How many of those slow readers are there? Again the Adult Performance Level survey has an answer. According to their statistics—and remember, their findings were fully confirmed by the pro-Establishment National Assessment survey—in 1975 there were 32.2 percent U.S. adults who could read but were only just above the borderline. They could read a label on a medicine bottle or a want ad in the paper, but nothing more complicated. These 32.2 percent, in 1975, added up to 34 mil­lion people. They were "minimally proficient." Only the remaining 46.1 percent of the population between 18 and 65 were fully proficient and fluent readers. As you can see, the illiterates plus the slow readers are now a majority of the US. population.
How can you tell a slow reader from a fast one? In the Journal of Learning Disabilities for May 1972 a Canadian physician, Dr.
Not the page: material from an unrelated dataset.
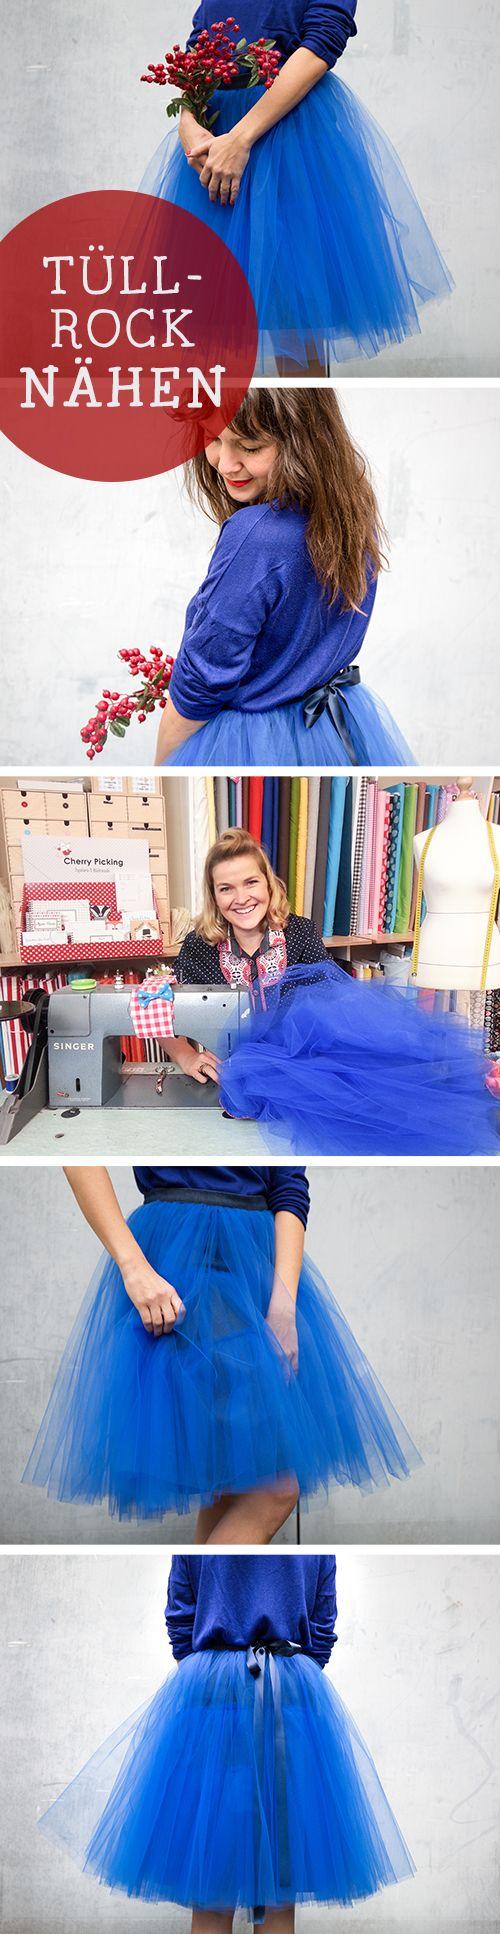 VIDEO: Traumhafte DIY-Anleitung für einen genähten Tüllrock / diy sewing tutorial: make your own tulle skirt, crafting via DaWanda.com

Carl L. Kline, gave a good description:

A common prototype of reading disabilities seen in ado­lescents is the bright high school student who reads at or near grade level, but who has a spelling disability, is a slow reader, who misreads some words, omits words, substitutes words, and occasionally reverses (reads words from right to left instead of left to right).. . . In working with [those students] one must anticipate that there will be a residual spelling problem, even after the reading problem is largely overcome. Once the reading problem [64] is alleviated, one is faced with a student who knows how to read, at last, but who doesn't know how to study. Having avoided reading for years because of the reading problem, a considerable gap often exists in terms of general knowledge, vocabulary and ability to scan material in order to pick out the important facts from an assignment.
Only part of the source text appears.